- [Records for the exercise]
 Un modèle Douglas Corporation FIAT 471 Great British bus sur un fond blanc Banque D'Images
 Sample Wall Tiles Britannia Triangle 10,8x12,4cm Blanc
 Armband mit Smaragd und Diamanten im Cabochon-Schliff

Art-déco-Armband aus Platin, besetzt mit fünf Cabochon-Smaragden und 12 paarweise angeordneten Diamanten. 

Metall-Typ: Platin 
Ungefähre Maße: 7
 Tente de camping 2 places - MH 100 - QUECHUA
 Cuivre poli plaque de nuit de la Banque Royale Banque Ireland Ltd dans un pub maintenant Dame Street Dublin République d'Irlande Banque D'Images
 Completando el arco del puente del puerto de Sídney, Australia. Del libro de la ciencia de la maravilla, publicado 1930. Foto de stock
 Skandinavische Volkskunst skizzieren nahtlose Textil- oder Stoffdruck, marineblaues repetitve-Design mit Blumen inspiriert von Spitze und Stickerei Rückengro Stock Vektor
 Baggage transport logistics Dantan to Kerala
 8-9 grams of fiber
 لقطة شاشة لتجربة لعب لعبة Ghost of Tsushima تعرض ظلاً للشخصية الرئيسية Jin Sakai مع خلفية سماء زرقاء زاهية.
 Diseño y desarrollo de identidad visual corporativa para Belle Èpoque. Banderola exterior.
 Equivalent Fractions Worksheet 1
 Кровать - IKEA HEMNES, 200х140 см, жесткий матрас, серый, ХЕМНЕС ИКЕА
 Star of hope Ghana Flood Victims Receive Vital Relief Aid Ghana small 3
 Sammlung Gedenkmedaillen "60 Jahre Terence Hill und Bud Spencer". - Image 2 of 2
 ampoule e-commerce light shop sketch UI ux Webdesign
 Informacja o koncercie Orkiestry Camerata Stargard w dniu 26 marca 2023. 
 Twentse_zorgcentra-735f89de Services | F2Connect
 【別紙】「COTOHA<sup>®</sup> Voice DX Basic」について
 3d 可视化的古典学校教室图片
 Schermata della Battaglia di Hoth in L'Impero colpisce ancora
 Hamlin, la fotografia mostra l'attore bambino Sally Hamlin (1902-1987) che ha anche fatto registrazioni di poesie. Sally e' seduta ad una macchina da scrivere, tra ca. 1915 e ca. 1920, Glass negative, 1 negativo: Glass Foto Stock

- [Work required] Copy verbatim, from the listing above, each line from the one containing "Art-déco-Armband aus Platin, besetzt" down to the one containing "Completando el arco", inclusive.

- [Solution]
Art-déco-Armband aus Platin, besetzt mit fünf Cabochon-Smaragden und 12 paarweise angeordneten Diamanten. 

Metall-Typ: Platin 
Ungefähre Maße: 7
 Tente de camping 2 places - MH 100 - QUECHUA
 Cuivre poli plaque de nuit de la Banque Royale Banque Ireland Ltd dans un pub maintenant Dame Street Dublin République d'Irlande Banque D'Images
 Completando el arco del puente del puerto de Sídney, Australia. Del libro de la ciencia de la maravilla, publicado 1930. Foto de stock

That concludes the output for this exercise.